The poetry of that period, however, refuses to be dismissed. She bids us halt. She, the queen of literature, is not accustomed to such slight. She was born to rule, she brooks no opposition, and so we pause. And after we have held sweet converse with her minstrel bards, and after we have perused a number of the almost countless volumes devoted to winged words of music and to poetic fancy, we regret not, that she made us pause. No longer do we think her boast an idle one that Spain, during the period that extends from the eighth to the fifteenth century, can show a greater number of poets than all the other nations combined. We need not ask the reason why. Any one acquainted with the extraordinary richness of both the Hebrew and its kindred—the Arabic language—their natural cadence, which lends itself to verse, the ease which both languages afford in passing from prose to poetry, and with the bent of mind of both races, poetical, delighting in figurative speech, in metaphor and allegory and fable, in luxuriant imagery and fanciful romance, any one acquainted with their Oriental predilection for the fairer sex, which could only express itself in languishing idyls or passionate lyric sonnets, any one knowing all this, will not wonder at the vastness of the Jewish and Moorish poetic literature.

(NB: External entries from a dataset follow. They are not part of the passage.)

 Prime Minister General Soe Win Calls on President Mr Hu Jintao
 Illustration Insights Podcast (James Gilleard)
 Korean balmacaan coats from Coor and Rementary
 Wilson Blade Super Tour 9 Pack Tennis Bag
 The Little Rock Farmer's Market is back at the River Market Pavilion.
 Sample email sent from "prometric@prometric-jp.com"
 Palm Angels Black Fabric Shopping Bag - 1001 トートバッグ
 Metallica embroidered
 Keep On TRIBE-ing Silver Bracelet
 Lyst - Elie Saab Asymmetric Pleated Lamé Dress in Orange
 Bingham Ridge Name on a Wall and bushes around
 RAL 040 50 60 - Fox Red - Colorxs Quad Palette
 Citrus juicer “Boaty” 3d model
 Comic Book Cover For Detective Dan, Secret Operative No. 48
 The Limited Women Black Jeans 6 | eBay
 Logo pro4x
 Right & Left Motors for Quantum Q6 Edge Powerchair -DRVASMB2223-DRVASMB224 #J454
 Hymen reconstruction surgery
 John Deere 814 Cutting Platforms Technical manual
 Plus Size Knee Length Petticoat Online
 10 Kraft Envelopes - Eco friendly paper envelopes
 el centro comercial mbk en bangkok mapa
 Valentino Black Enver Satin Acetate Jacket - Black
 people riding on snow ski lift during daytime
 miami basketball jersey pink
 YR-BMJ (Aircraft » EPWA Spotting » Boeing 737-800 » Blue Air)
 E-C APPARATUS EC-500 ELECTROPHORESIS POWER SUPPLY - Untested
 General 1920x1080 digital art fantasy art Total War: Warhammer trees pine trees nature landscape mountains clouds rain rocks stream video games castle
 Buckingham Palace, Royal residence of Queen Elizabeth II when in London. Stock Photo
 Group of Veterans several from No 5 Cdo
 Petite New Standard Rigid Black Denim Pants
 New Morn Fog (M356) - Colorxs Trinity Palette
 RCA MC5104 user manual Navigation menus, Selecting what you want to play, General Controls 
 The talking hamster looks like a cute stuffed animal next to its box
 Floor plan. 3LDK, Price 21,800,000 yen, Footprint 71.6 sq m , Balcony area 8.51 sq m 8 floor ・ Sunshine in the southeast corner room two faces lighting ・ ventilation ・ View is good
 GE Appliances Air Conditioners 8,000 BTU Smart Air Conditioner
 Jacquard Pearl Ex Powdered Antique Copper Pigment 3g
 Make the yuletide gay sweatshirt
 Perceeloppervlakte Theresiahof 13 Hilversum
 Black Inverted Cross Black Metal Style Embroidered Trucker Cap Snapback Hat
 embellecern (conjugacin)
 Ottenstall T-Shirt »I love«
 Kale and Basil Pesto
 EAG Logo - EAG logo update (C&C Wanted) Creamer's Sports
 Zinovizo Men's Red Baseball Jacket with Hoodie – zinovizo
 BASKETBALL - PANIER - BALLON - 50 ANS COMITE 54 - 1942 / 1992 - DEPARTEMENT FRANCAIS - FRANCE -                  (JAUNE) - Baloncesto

The Moors excelled in what was then known as the art of "story telling." They had brought it with them from the East and the enchanting moonlight evenings of Andalusia, and the sequestered, fairy-like gardens, with their shady cypress trees, and their cascades, and their flowering shrubs, and their bowers of roses, and their crypt-like grottoes, all these tended to keep the love for their art alive. With them "this story telling," both in prose and poetry, took the place of theatrical representation. Those of you familiar with one of the many extant prose collections of stories such as "The Arabian Nights," can readily form an opinion of the great charm that branch of literature must have had in the original language for the Moorish people.

Physicians often ordered "story telling" as a prescription for their patients, to mitigate their sufferings, to calm their agitation and to give sleep after protracted insomnia, or to beguile the ennui of the grandees, or to recreate them after their fatigues. The "munshids" or "story tellers" found their vocation a very honored and a very profitable one, and they took great pains to foster that art.